§ Dataset excerpts
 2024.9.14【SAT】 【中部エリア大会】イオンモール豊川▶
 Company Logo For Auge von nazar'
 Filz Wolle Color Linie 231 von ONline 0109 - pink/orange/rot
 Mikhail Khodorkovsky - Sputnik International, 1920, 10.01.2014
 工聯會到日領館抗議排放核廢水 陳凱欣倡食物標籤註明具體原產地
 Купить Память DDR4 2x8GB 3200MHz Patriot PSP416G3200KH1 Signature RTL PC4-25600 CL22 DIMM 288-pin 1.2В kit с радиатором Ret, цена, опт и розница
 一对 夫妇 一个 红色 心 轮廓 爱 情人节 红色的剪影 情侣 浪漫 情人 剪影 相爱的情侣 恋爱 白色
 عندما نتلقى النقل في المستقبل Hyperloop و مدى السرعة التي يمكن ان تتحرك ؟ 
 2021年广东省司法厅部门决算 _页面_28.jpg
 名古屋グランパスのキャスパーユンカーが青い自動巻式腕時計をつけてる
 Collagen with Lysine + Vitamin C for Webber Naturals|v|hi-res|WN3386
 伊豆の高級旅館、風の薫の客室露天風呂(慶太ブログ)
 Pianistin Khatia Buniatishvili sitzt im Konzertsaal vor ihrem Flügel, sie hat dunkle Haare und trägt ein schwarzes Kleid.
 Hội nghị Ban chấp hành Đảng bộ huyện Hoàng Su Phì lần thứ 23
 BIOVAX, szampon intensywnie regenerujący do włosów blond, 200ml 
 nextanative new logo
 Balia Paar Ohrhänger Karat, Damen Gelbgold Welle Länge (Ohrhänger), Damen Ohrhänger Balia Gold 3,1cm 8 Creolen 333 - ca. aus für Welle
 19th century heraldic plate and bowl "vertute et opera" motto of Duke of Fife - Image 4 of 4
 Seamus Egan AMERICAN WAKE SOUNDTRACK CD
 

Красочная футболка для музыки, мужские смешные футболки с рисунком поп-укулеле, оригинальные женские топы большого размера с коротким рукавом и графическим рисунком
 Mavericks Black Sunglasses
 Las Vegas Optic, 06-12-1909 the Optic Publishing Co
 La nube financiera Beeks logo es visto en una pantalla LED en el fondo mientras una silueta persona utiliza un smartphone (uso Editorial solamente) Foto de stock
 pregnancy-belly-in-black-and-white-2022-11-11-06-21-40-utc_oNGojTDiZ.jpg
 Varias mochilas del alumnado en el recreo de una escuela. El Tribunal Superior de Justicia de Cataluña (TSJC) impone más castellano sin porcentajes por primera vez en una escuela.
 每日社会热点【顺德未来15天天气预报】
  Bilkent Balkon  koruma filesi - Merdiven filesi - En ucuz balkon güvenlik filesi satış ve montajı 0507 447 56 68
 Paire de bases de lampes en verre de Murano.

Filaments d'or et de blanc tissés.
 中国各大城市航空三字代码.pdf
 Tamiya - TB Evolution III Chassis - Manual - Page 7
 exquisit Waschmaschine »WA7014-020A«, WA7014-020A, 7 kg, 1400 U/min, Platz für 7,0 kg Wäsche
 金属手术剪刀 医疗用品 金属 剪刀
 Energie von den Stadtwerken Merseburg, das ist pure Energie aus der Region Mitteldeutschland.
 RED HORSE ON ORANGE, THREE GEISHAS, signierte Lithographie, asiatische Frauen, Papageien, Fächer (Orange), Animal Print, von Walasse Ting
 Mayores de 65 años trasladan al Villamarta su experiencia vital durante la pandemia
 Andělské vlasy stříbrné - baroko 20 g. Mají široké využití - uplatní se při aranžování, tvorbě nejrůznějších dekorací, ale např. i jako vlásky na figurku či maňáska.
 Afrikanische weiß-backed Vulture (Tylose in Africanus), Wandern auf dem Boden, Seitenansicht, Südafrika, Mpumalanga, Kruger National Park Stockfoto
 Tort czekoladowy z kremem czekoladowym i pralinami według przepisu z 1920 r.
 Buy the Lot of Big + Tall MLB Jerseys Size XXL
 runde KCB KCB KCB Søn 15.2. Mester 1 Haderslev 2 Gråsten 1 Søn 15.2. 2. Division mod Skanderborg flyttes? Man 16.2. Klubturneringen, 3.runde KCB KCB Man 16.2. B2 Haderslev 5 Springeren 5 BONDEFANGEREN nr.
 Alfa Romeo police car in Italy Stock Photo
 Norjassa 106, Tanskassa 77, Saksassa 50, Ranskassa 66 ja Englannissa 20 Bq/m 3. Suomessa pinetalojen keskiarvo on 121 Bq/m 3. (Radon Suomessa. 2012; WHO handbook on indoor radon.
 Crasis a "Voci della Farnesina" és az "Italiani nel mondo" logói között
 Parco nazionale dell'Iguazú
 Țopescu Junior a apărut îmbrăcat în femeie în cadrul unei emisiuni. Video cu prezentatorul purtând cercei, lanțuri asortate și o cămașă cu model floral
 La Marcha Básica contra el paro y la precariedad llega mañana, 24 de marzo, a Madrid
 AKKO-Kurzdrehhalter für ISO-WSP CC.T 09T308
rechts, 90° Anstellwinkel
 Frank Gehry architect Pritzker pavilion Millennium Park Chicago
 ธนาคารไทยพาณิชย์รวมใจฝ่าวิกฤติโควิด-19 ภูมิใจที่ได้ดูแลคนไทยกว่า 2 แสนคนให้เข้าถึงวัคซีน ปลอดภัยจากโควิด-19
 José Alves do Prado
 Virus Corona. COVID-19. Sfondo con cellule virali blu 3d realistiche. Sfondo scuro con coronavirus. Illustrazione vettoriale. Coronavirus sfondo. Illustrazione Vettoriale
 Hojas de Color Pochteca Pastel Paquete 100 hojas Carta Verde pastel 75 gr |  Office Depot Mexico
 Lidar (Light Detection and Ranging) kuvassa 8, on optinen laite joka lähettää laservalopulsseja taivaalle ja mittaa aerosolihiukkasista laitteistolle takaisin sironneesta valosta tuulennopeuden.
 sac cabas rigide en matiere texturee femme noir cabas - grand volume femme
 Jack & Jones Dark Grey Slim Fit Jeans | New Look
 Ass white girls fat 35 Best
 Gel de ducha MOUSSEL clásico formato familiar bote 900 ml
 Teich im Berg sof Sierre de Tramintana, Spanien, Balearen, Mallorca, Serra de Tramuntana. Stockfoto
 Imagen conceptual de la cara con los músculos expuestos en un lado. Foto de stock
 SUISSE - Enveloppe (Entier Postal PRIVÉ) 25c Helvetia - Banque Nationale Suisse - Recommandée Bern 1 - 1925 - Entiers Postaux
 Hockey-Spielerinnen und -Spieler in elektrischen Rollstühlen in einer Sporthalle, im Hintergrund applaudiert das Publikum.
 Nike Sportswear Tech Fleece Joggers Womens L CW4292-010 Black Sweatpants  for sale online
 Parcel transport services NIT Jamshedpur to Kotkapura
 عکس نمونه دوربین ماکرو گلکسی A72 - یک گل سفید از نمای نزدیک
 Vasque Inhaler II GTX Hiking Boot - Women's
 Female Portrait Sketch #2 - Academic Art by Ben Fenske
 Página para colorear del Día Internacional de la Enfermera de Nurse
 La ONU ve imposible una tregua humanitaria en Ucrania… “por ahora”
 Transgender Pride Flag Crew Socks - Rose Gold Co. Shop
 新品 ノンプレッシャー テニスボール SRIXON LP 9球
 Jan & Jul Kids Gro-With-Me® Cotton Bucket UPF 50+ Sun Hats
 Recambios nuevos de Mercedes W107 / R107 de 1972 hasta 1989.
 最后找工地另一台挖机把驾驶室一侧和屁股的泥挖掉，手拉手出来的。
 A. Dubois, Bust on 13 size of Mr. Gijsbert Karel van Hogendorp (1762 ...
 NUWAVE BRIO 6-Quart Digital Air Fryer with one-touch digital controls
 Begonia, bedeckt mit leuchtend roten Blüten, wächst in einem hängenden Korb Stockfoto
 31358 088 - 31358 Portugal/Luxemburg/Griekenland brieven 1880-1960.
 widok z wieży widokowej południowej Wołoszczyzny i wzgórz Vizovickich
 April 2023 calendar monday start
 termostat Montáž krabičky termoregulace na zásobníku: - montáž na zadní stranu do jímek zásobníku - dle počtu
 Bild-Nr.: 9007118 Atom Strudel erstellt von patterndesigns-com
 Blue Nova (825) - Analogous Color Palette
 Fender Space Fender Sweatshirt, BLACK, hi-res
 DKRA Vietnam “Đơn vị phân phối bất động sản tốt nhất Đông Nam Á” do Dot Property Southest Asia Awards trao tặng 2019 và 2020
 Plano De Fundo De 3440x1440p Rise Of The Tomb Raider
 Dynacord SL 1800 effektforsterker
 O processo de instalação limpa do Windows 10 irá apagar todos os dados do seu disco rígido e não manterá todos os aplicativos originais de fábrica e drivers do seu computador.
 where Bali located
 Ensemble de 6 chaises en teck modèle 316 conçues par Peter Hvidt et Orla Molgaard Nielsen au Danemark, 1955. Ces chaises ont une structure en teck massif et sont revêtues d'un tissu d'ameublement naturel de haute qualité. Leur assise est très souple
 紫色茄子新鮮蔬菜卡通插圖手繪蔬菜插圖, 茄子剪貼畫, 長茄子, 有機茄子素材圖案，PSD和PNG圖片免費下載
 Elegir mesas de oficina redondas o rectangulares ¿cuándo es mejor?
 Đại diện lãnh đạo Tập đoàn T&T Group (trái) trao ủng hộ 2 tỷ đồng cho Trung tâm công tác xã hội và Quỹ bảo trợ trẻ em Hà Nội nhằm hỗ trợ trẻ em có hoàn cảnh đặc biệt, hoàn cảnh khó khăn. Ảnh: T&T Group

§ Exercise goal
In your answer, include only the lines above starting at the line that holds "Frank Gehry architect" and ending at the line that holds "Imagen conceptual de", copied exactly.

§ Solved problem
 Frank Gehry architect Pritzker pavilion Millennium Park Chicago
 ธนาคารไทยพาณิชย์รวมใจฝ่าวิกฤติโควิด-19 ภูมิใจที่ได้ดูแลคนไทยกว่า 2 แสนคนให้เข้าถึงวัคซีน ปลอดภัยจากโควิด-19
 José Alves do Prado
 Virus Corona. COVID-19. Sfondo con cellule virali blu 3d realistiche. Sfondo scuro con coronavirus. Illustrazione vettoriale. Coronavirus sfondo. Illustrazione Vettoriale
 Hojas de Color Pochteca Pastel Paquete 100 hojas Carta Verde pastel 75 gr |  Office Depot Mexico
 Lidar (Light Detection and Ranging) kuvassa 8, on optinen laite joka lähettää laservalopulsseja taivaalle ja mittaa aerosolihiukkasista laitteistolle takaisin sironneesta valosta tuulennopeuden.
 sac cabas rigide en matiere texturee femme noir cabas - grand volume femme
 Jack & Jones Dark Grey Slim Fit Jeans | New Look
 Ass white girls fat 35 Best
 Gel de ducha MOUSSEL clásico formato familiar bote 900 ml
 Teich im Berg sof Sierre de Tramintana, Spanien, Balearen, Mallorca, Serra de Tramuntana. Stockfoto
 Imagen conceptual de la cara con los músculos expuestos en un lado. Foto de stock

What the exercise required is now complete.